"soil data aggregation engine" vs. wrangling SQL statements or ad hoc R code #178

dylanbeaudette · 2021-03-31T17:17:20Z

Long-term plan: new macros or UDF to support aggregation on the fly in SQL and parity with WSS output. Contractors are working towards this, but no ETA.

Short-term plans:

SQL templates / string interpolation based on SSURGO on Demand / Soil Data Development Toolbox (python)
purely R-based solutions (slab, data.table, etc.) should match SOD / SDDT output when possible

See misc/soil-data-aggregation for stubs that can be built-upon for both styles. The (eventual) SDA-based solution will solve most problems, but R-based solutions will be required for data that hasn't been or cannot be pushed to SDA.

The text was updated successfully, but these errors were encountered:

brownag · 2021-03-31T17:19:57Z

Here is a small InterpretationEngine proof of concept involving WCS and custom data aggregation I made last week while testing the new R package.

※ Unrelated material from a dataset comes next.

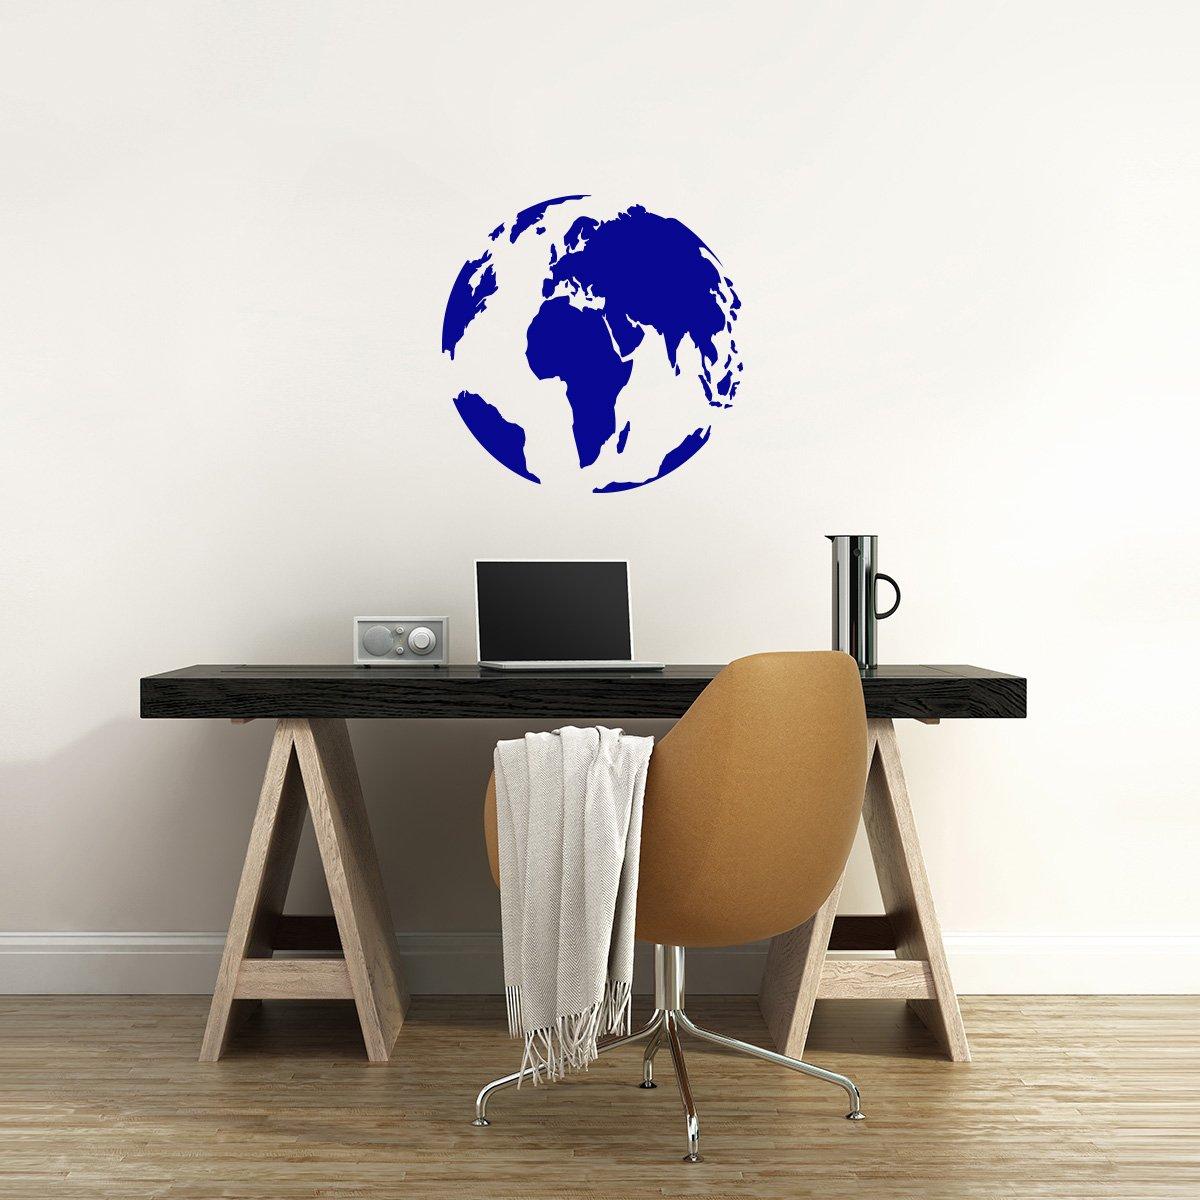 WANDKINGS Wandtattoo - Globus - 90 x 90 cm - - - Kupfer - Wähle aus 5 Größen & 35 Farben B078YCS8BF Wandtattoos & Wandbilder f0cc02

https://github.com/ncss-tech/interpretation-engine/blob/master/misc/demo-SDA-WCS-IE-integration.R

EDIT: Images of output and 3D rendering of "Dunn1" SVI interp output

brownag · 2021-04-05T17:45:29Z

#179 adds the ssurgoOnDemand queries in get_* method style

I think we could probably get some more stub queries that target some other data categories from here
https://nasis.sc.egov.usda.gov/NasisReportsWebSite/limsreport.aspx?report_name=SDA-SQL_Library_Home

dylanbeaudette · 2021-06-02T22:37:35Z

Is there ever a valid reason to convert NULL values → 0?

Current SOD:

Changes made in #185 remove this step.

Related examples:

library(aqp)
library(soilDB)
library(sf)
library(rasterVis)
library(viridisLite)

# SJQ | Amador Co.

# Mokelumne | Sed. Rock Land
# https://casoilresource.lawr.ucdavis.edu/gmap/?loc=38.46643,-121.02565,z14
bb <- '-121.1099 38.4288,-121.1099 38.4942,-120.9728 38.4942,-120.9728 38.4288,-121.1099 38.4288'
wkt <- sprintf('POLYGON((%s))', bb)

x <- st_as_sfc(wkt)
st_crs(x) <- 4326

(mu <- mukey.wcs(aoi = x, db = 'gnatsgo'))

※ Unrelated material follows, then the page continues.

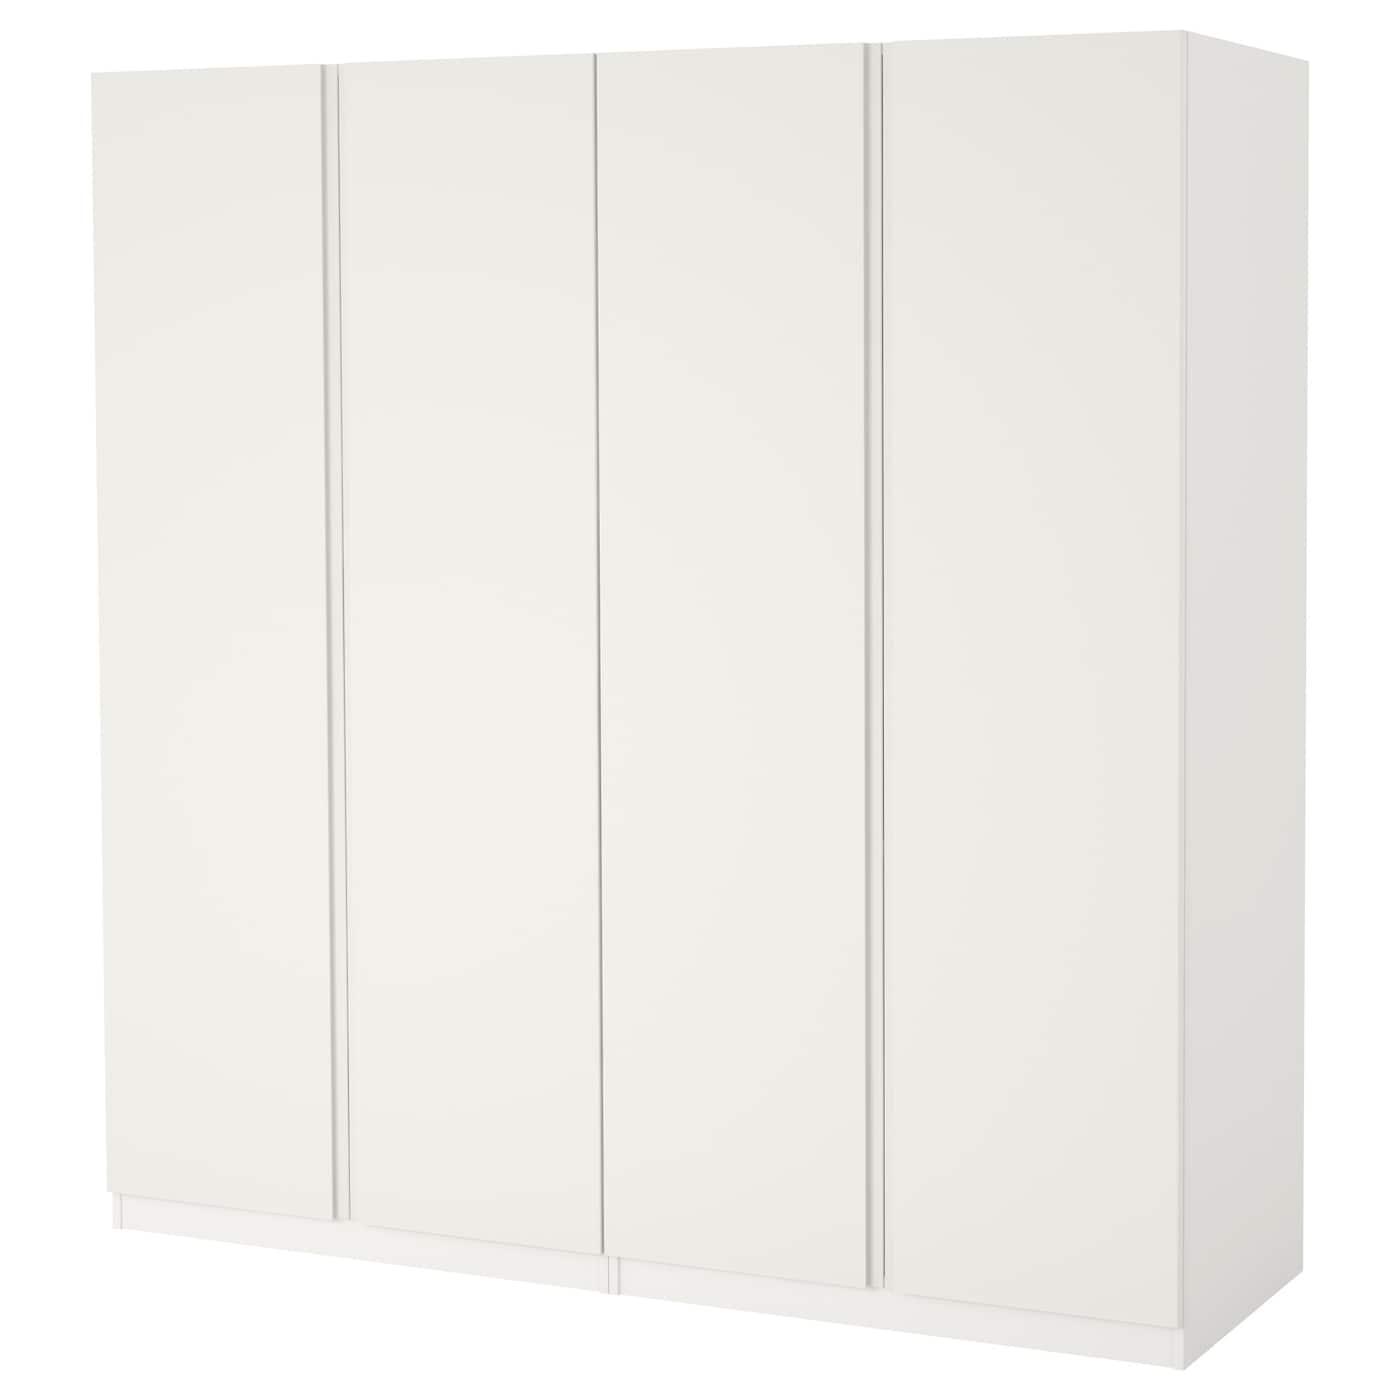 Pax Wardrobe White Vikanes White 200 X 60 X 201 Cm Ikea

levelplot(mu, att = 'ID', margin = FALSE, colorkey = FALSE, col.regions = viridis)

# get unique mukeys from grid
ll <- levels(mu)[[1]]

s <- get_SDA_property(property = 'pH 1:1 water - Rep Value', method = 'Weighted Average', mukeys = ll$ID, top_depth = 0, bottom_depth = 25)

## with ISNULL(x, 0)
## !! what? 0s?
s[which(s$ph1to1h2o_r == 0), ]
z <- fetchSDA("mukey = '461915'")
z$ph1to1h2o_r

## dilution of weighted mean due to weights associated with NULL values
## document this
# another issue: weighted averages 
z <- fetchSDA("mukey = '461984'")
z$ph1to1h2o_r

brownag · 2023-12-19T23:58:44Z

I think this issue does not have any remaining action items to address and suggest we close it.

In my opinion UDFs are not a replacement for basic queries that operate on custom data sources using standard syntax.

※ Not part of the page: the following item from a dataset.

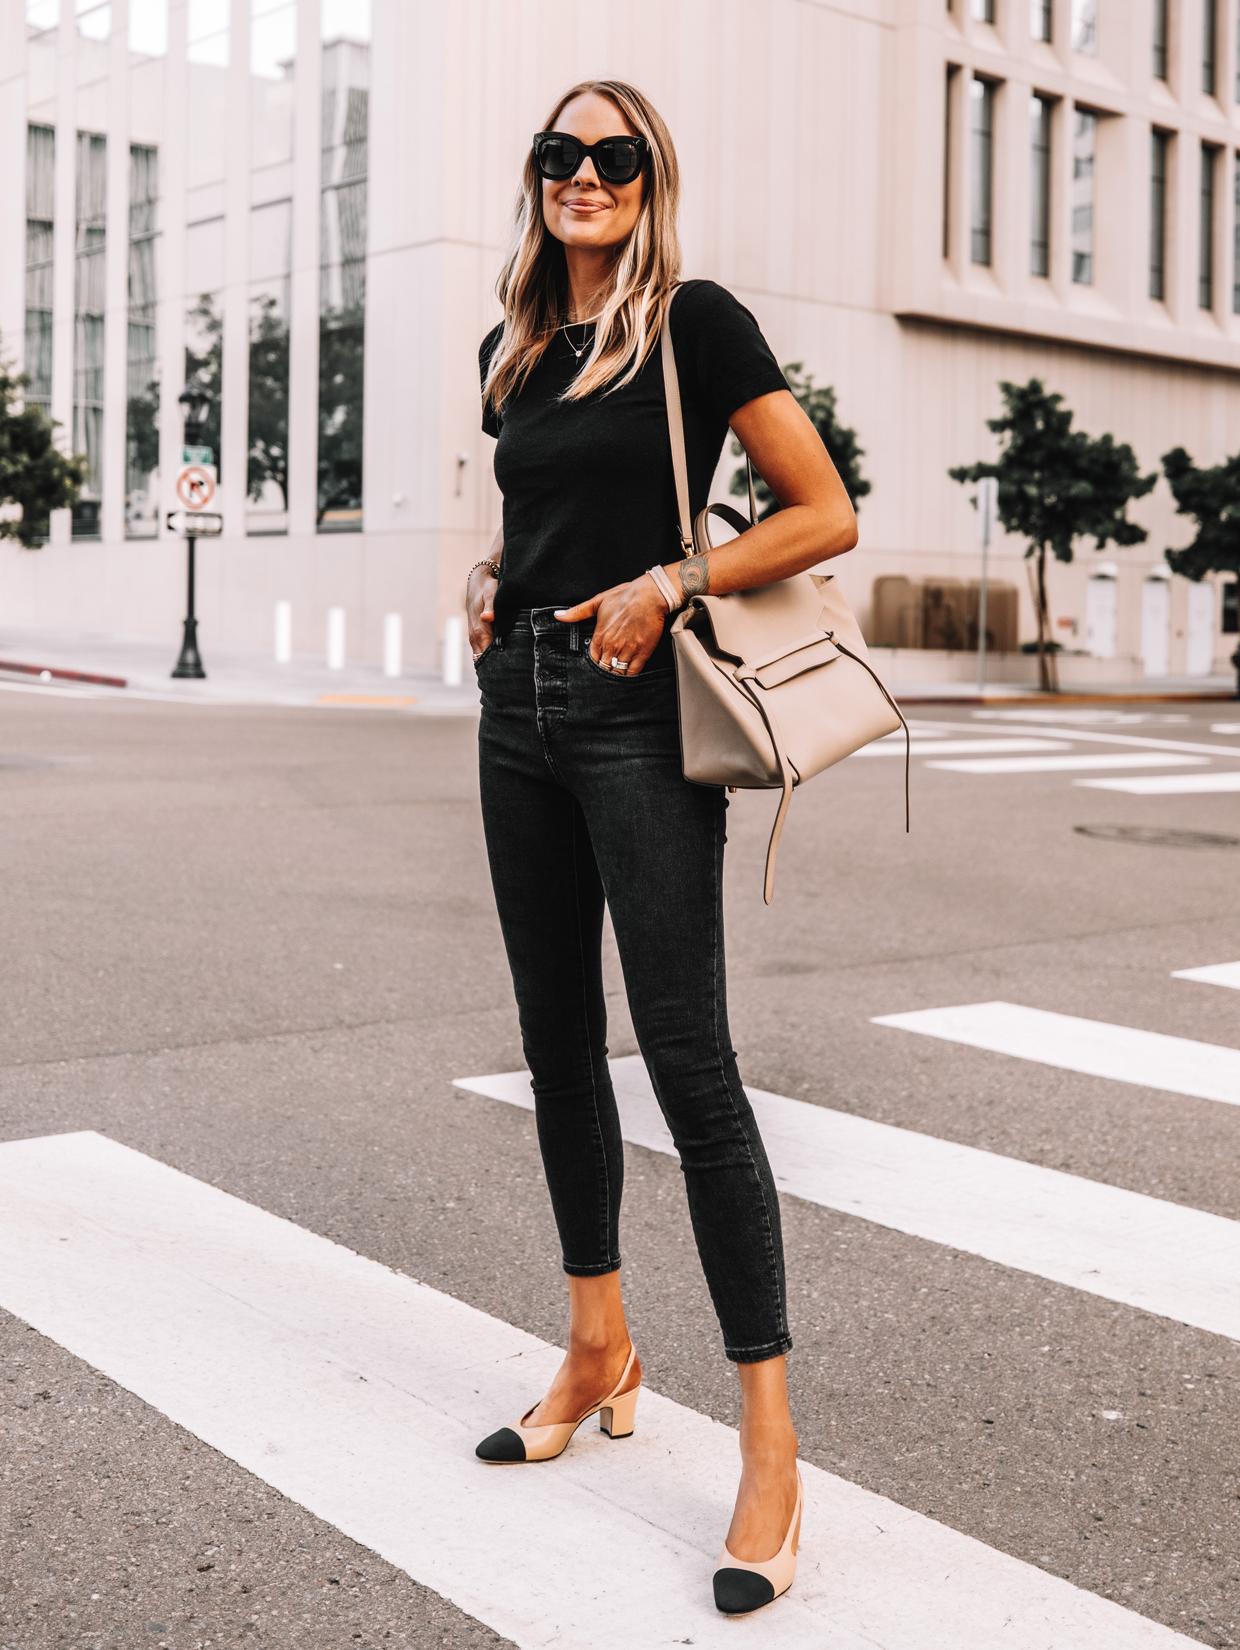 My Honest Review Of The Celine Mini Belt Bag Fashion Jackson

While UDFs may provide an easy route to the "right" answers, they require documentation, maintenance, and testing of their own. I think the functionality offered would have to be very significant to warrant overhead of maintaining a separate library of these functions.

Much of my thought behind the work porting SOD/SDA queries, mostly avoiding pure R implementations in soilDB, was to provide a mapping of query string templates to specific categories of tabular results. Where a query relies on specific versions of UDFs, and the logic is not otherwise embedded in the query, it would be harder to port that query to other systems or for others to replicate.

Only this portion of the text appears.